The possible limitations of the present study should also be considered. First, 15 case–control studies and three cohort studies, but no randomized controlled trial included in the meta-analysis, might substantially weaken the quality of this study. Second, our results were concluded without adjusting the confounding factors, such as smoking status, alcoholic consumption, environmental factors and other diet lifestyle factors. Third, this meta-analysis included small sample size studies and the backgrounds of patients varied, which would result in low statistical power and inconsistent results among studies. Finally, insufficient data were available. The influence of visceral adiposity could not be evaluated, as waist circumference or waist-to-hip ratio was not available in the majority of studies. Insufficient data of HMW adiponectin limited the estimate of the association between HMW adiponectin levels and prediabetes. Despite these limitations, the present findings could provide useful information on the diseases, and might help impose a stricter follow up and possibly an early treatment initiation, thus preventing the progression to diabetes. Furthermore, our findings might motivate more randomized controlled trials to be carried out to obtain better understanding of causal relationships between the level of adiponectin and prediabetes.

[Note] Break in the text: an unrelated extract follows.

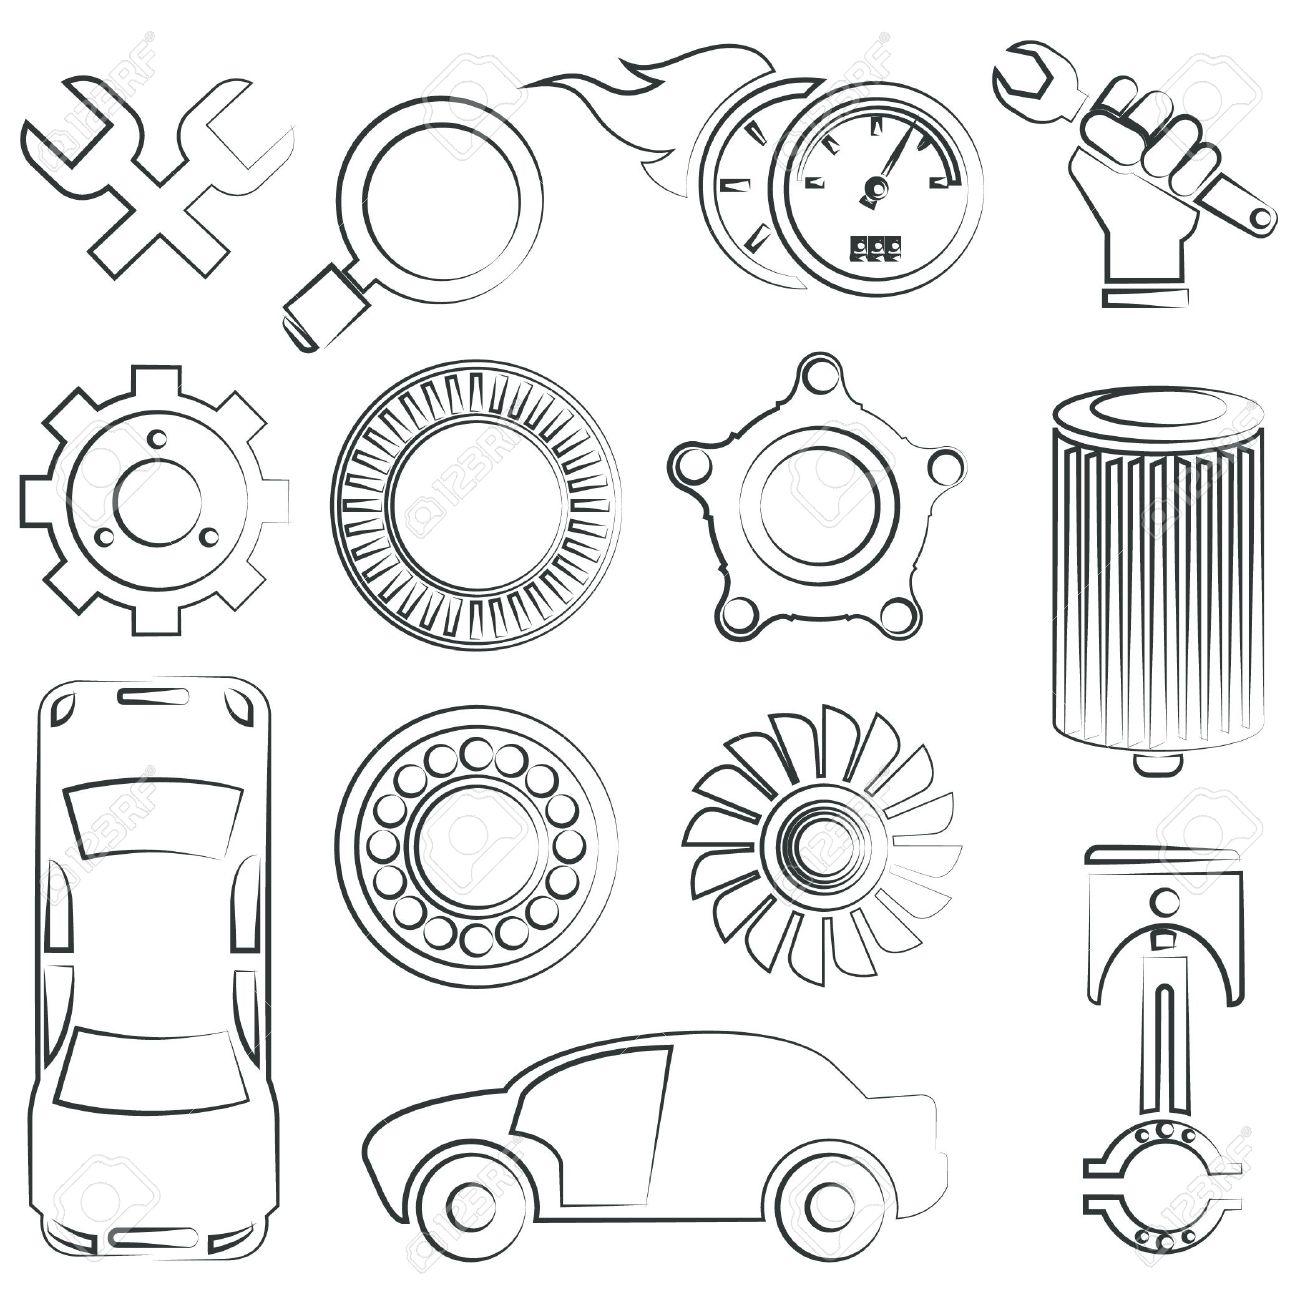 Sketched car parts set royalty free cliparts vectors and stock

In conclusion, based on the findings of existing studies, adiponectin levels in prediabetes patients are lower than that of healthy controls, showing that adiponectin decreases before the onset of diabetes. This result should be taken with caution because of the substantial heterogeneity among existing studies. There is a need for more well-designed, high-quality studies to clarify the possible causal relationship between adiponectin levels and prediabetes patients. In addition, further investigation is required to clarify whether HMW adiponectin levels are also suppressed in prediabetes.